Rompendo o silêncio sobre a luta armada palestina: Um apelo por clareza

Ramzy Baroud
3 semanas ago

Em 22 de fevereiro de 2024, o embaixador da China em Haia, Zhang Jun, enunciou algo inesperado. Seu relato, como muitos outros, buscou auxiliar o Tribunal Internacional de Justiça (TIJ), em Haia, a formular uma opinião legal crítica e há muito esperada sobre as consequências legais da ocupação israelense na Palestina.

Zhang articulou a posição chinesa que, diferente das alegações do enviado dos Estados Unidos, se mantiveram alinhadas, inteiramente, às leis humanitárias internacionais. No entanto, vocalizou um tabu — um que mesmo os mais próximos aliados da Palestina no Oriente Médio e Sul Global não ousam tocar: o direito à resistência por todos os meios, “incluindo a luta armada”.

“O uso da força do povo palestino para resistir à opressão estrangeira e estabelecer seu Estado independente é um direito inalienável”, reconheceu o emissário chinês. “A luta travada pelos povos por sua libertação e autodeterminação — incluindo a luta armada contra o colonialismo, a ocupação, a agressão e a dominação de forças estrangeiras — não deve ser considerada terrorismo”.

‘Palestinos têm direito de resistir à opressão israelense’, diz China em Haia

Como era de se esperar, os comentários de Zhang não produziram eco. Nem governos, nem intelectuais — inclusive de esquerda — recorreram a sua fala como oportunidade para explorar a questão com maior profundidade. Permanece muito mais conveniente atribuir aos palestinos o papel ora de vítima, ora vilão. Um palestino que ouse resistir à ocupação — que busque autonomia ou controle sobre seu próprio destino — continua a ser um território deveras perigoso para uma análise honesta.

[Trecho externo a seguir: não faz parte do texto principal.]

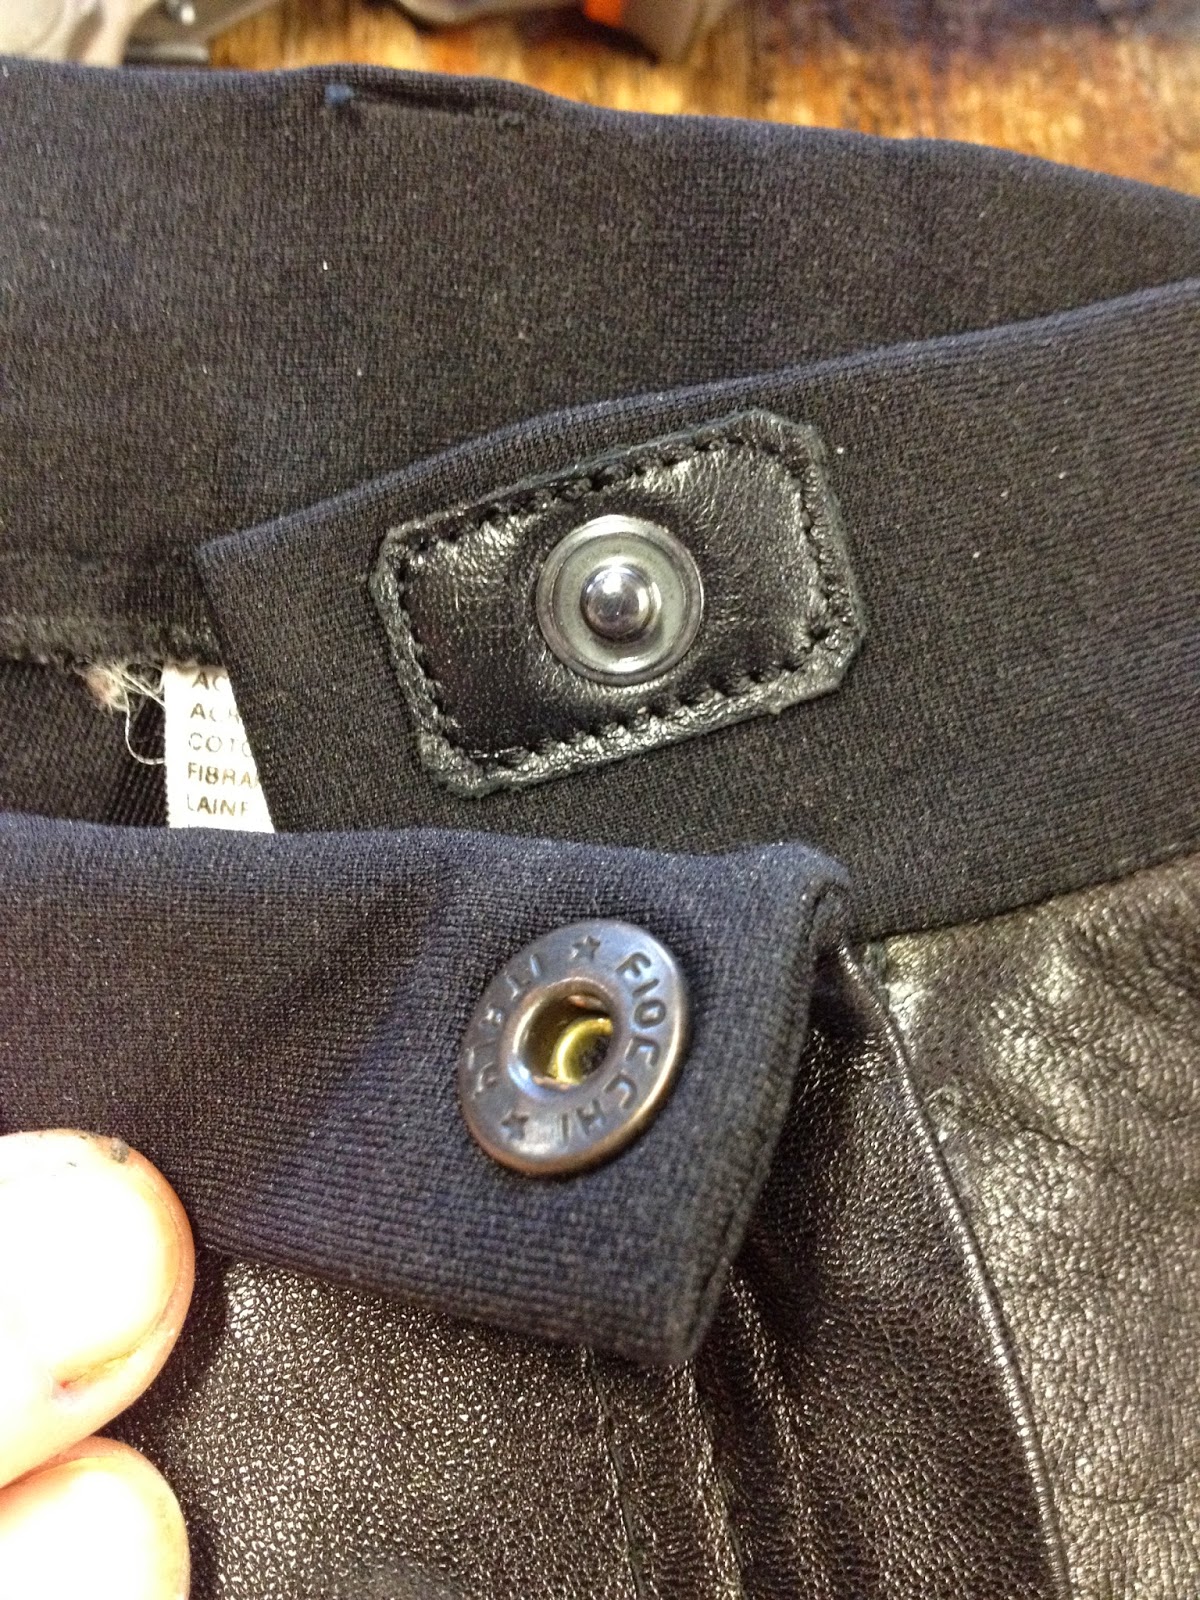 Réparation accro sur veste en cuir

Os comentários de Zhang, todavia, situam-se absolutamente dentro dos parâmetros da lei internacional. Deste modo, Romana Rubeo e eu não poderíamos deixar de discutir o assunto em entrevista recente que realizamos com o professor Richard Falk, autoridade na lei internacional e ex-relator especial das Nações Unidas para a Palestina.

Falk não é somente um especialista em direito, mas também um intelectual perspicaz e estudioso da história. Embora fale com cautela, não hesita — não mede palavras. Suas ideias podem parecer “radicais”, mas apenas se os termos forem interpretados dentro dos confins da mídia corporativa e da academia colaboracionista. Falk não recorre a um “senso comum”, mas — conforme os princípios de Gramsci — ao “bom senso”, através de um discurso lógico e racional.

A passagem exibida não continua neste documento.